Experimental prostate treatments could offer relief from conditions

18th May 2011

The findings of new research have shown that prostate treatments involving a specific alpha blocker could help reduce symptoms and improve quality of life for men with prostate conditions.

Researchers at the Kingston General Hospital in Canada found that silodosin, which works by selectively relaxing the muscles in the bladder neck and prostate, was particularly effective in relieving the symptoms of chronic prostatis (CP) and chronic pelvic pain syndrome (CPPS).

Sixty per cent of men tested reported feeling better after they had been treated, compared with 30 per cent of men who had been given a placebo.

Lead researcher Curtis Nickel said: "Antibiotics are commonly used as treatment, but are not typically effective, probably because CP/CPPS does not seem to be caused by a bacterial infection."

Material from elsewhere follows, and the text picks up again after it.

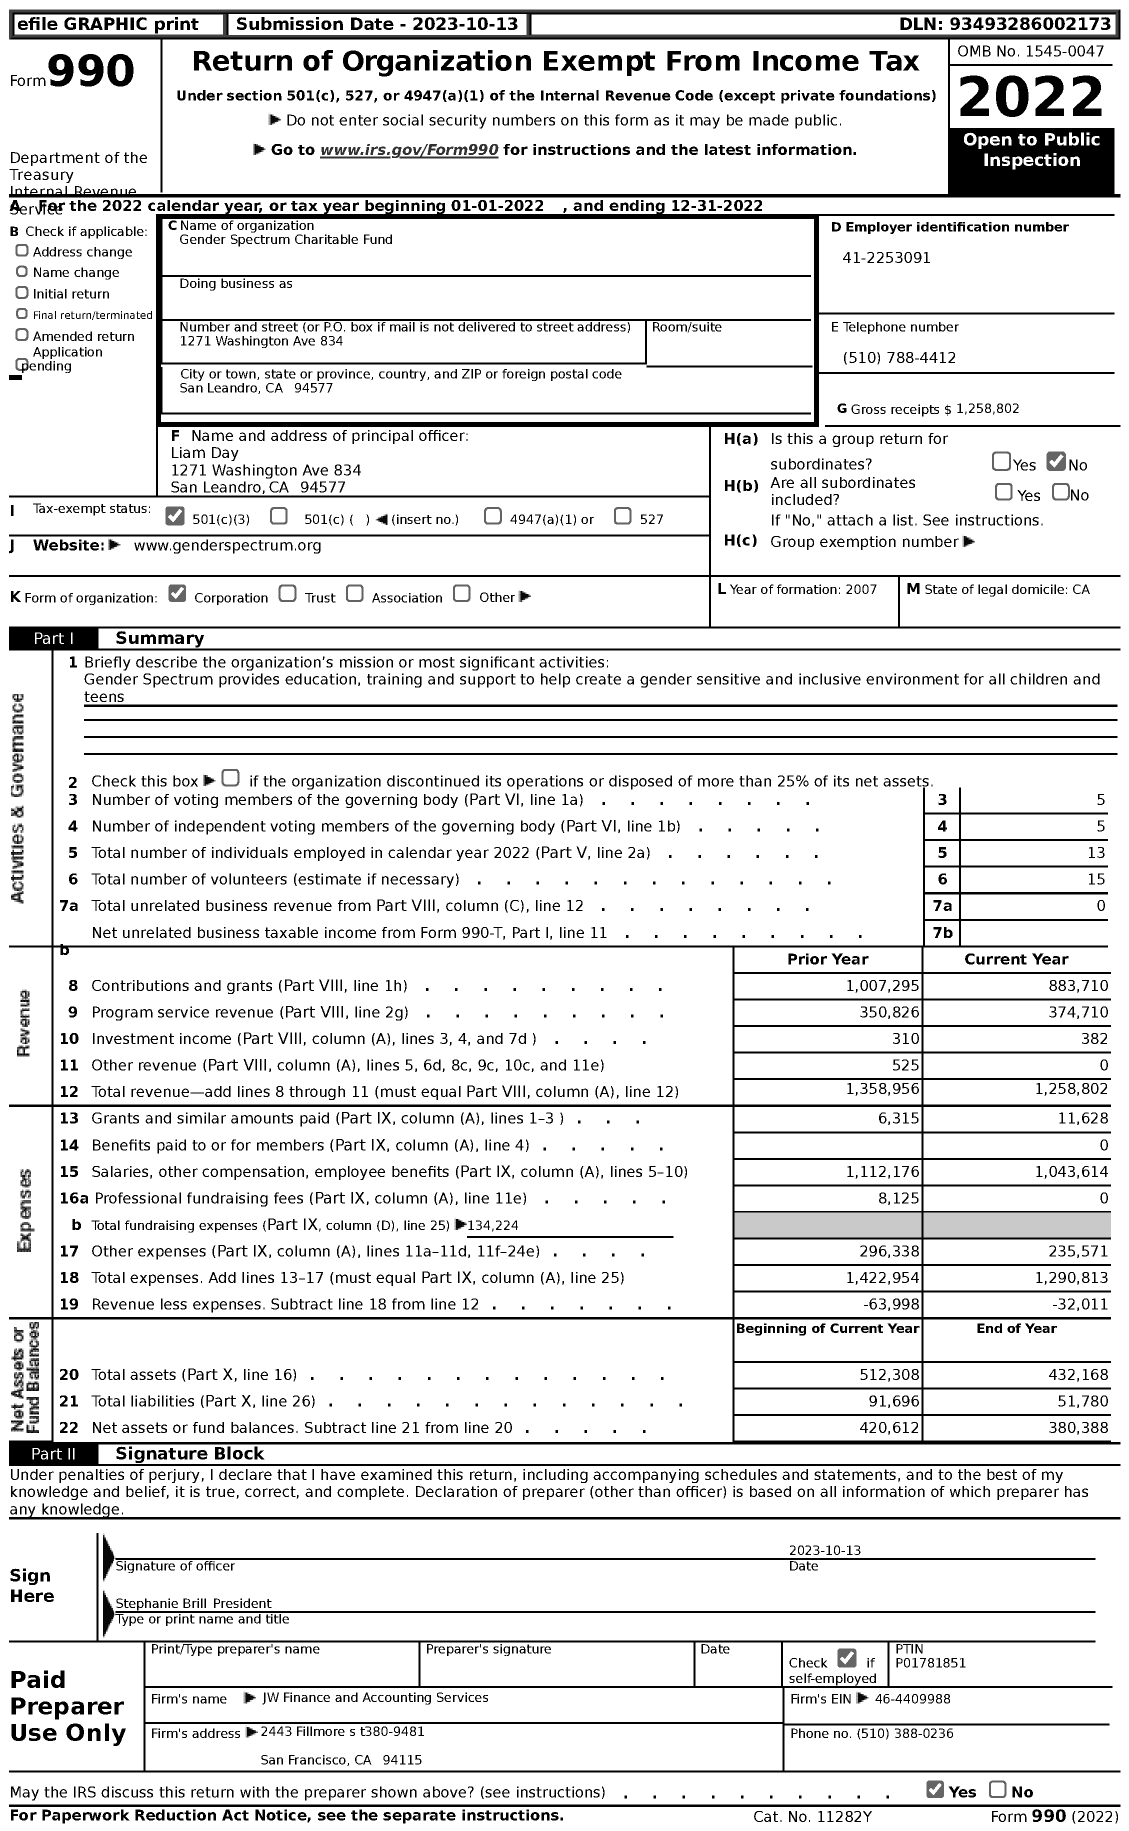 Image of first page of 2022 Form 990 for Gender Spectrum Charitable Fund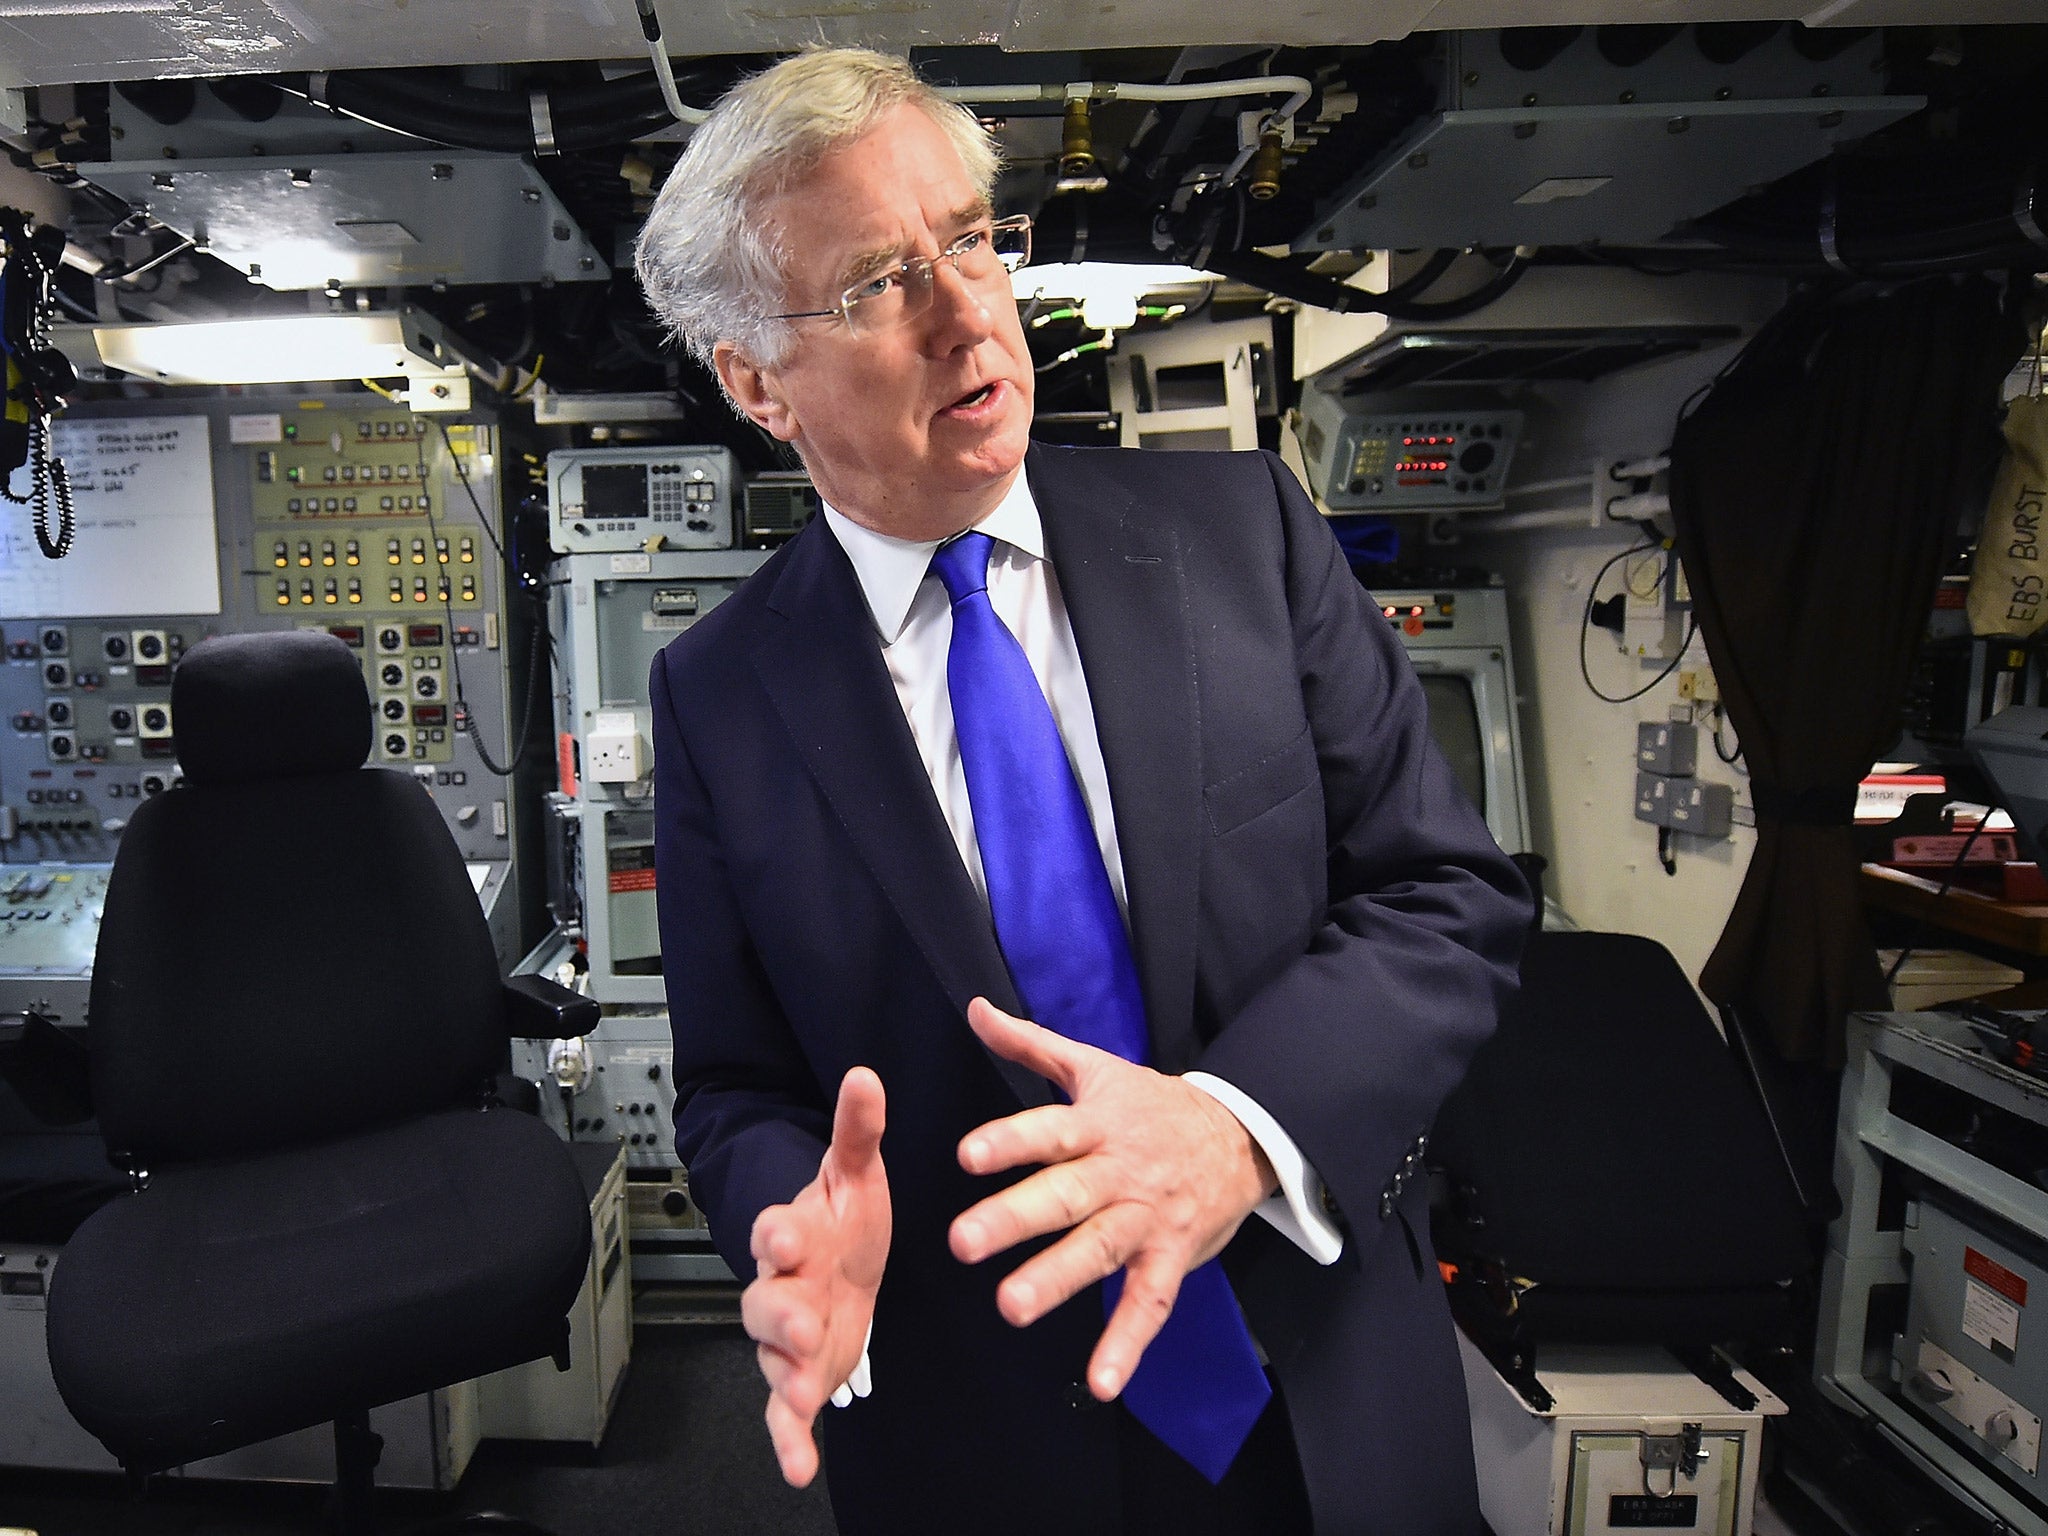 Michael Fallon, the Defence Secretary, will call for more Muslims to join the Armed Forces

CP/CPPS is thought to be one of the most common conditions afflicting the prostate. It is characterised by persistent discomfort in the lower pelvic area with severe symptoms, including painful and frequent urination and difficult or painful ejaculation. The cause of the condition is unknown.

Chronic pelvic pain syndrome is thought to affect around nine per cent of all post-pubescent men.

Posted by Philip Briggs

Nickel, J Curtis et al. " Silodosin for Men With Chronic Prostatitis/Chronic Pelvic Pain Syndrome: Results of a Phase II Multicenter, Double-Blind, Placebo Controlled Study." Journal of Urology. 16th May 2011.